Fault Type | Charging/Discharging State | Load Disturbance | Harmonic Interference | Diagnosis Accuracy |
---|---|---|---|---|
Type I | Discharging | Present | Present | 100% |
Type II | Discharging | Present | Present | 100% |
Type III | Discharging | Present | Present | 100% |
Type IV | Discharging | Present | Present | 100% |
Type I | Charging | Present | Present | 100% |
Type II | Charging | Present | Present | 100% |
5. Conclusion
This paper proposes a fault diagnosis method for open-circuit faults in switches of two-level converters in user-side energy storage systems. The method combines an extended Kalman filter and a broad learning system to dynamically extract fault harmonic features and diagnose faults. Simulations and experiments demonstrate the effectiveness and accuracy of the proposed method, providing valuable support for user-side energy storage system monitoring and maintenance.

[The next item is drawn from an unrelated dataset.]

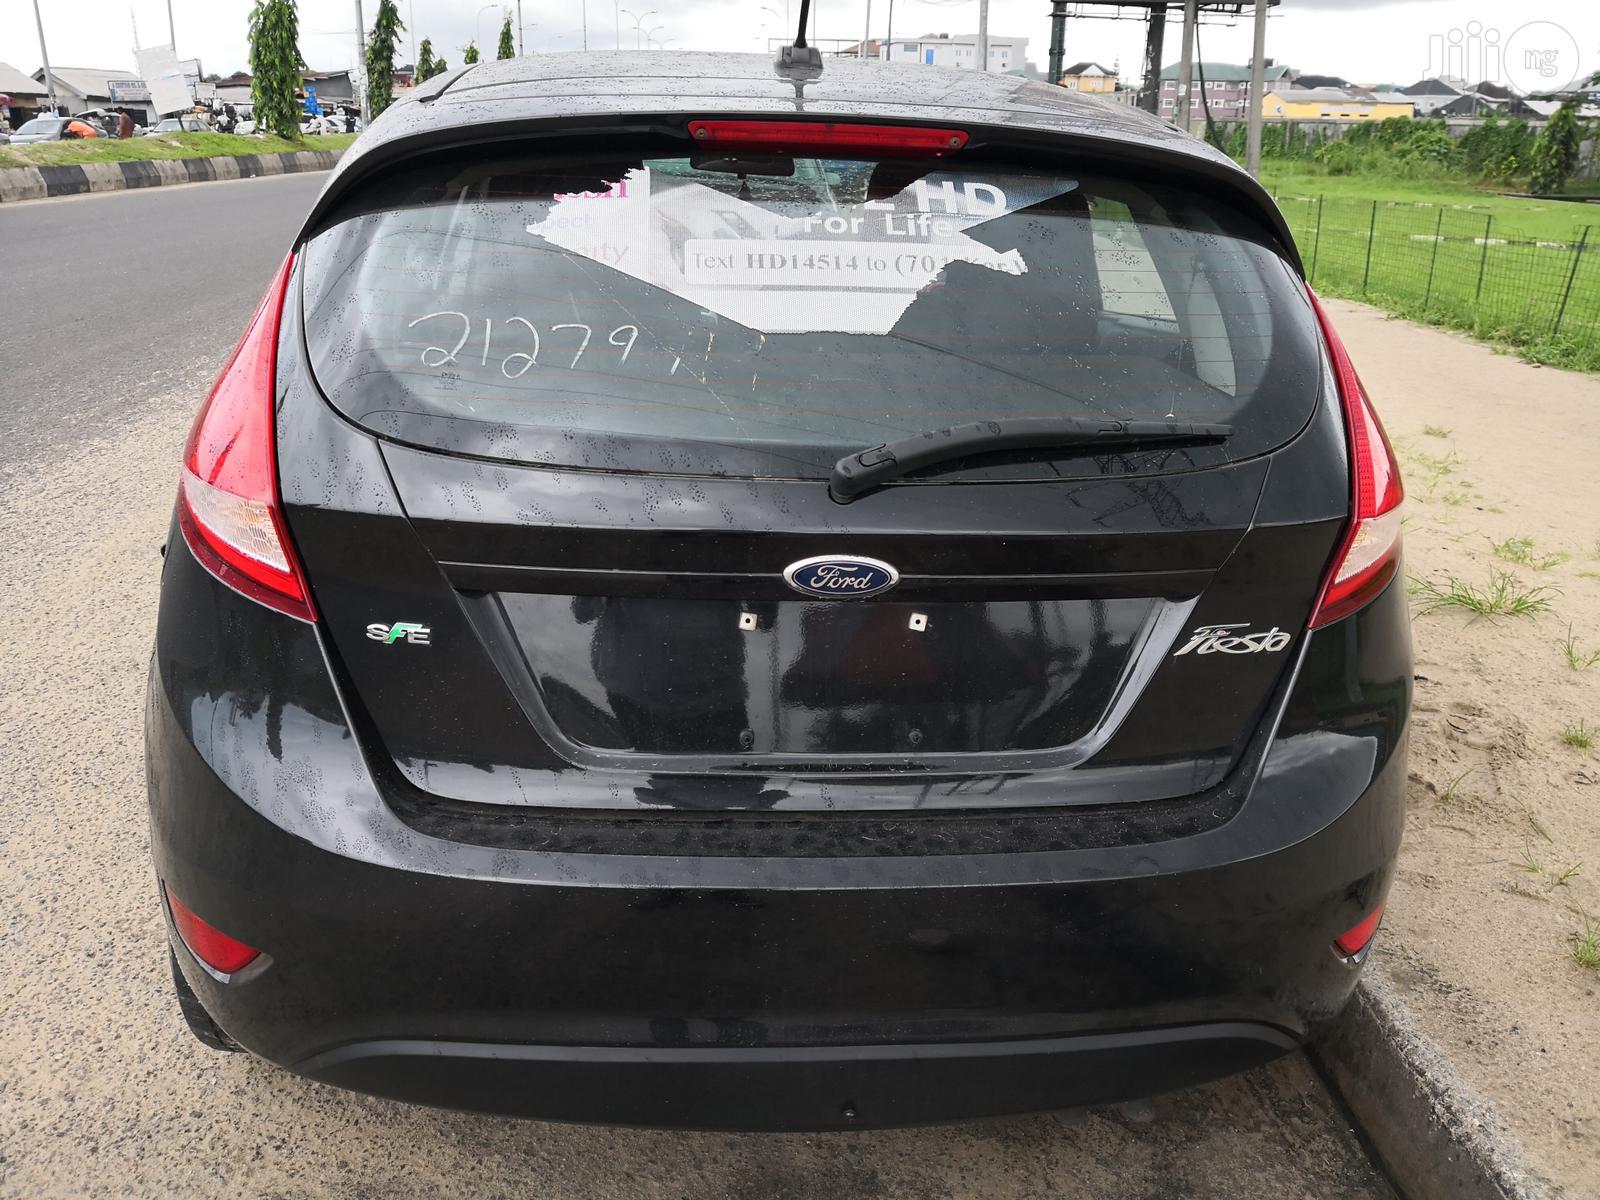 Archive: Ford Fiesta 2012 Black

Equation for Harmonic Feature Extraction:
xk+1=Fxk+wk
Where xk is the state vector containing harmonic amplitudes and frequencies, F is the state transition matrix, and wk is the process noise.
The fault diagnosis results when the converter is operating in an environment with harmonics. The proposed method accurately identifies and locates the fault.
In conclusion, the proposed fault diagnosis method for open-circuit faults in switches of two-level converters in user-side energy storage systems demonstrates high accuracy and robustness under various conditions. This method has significant potential for improving the reliability and safety of energy storage systems.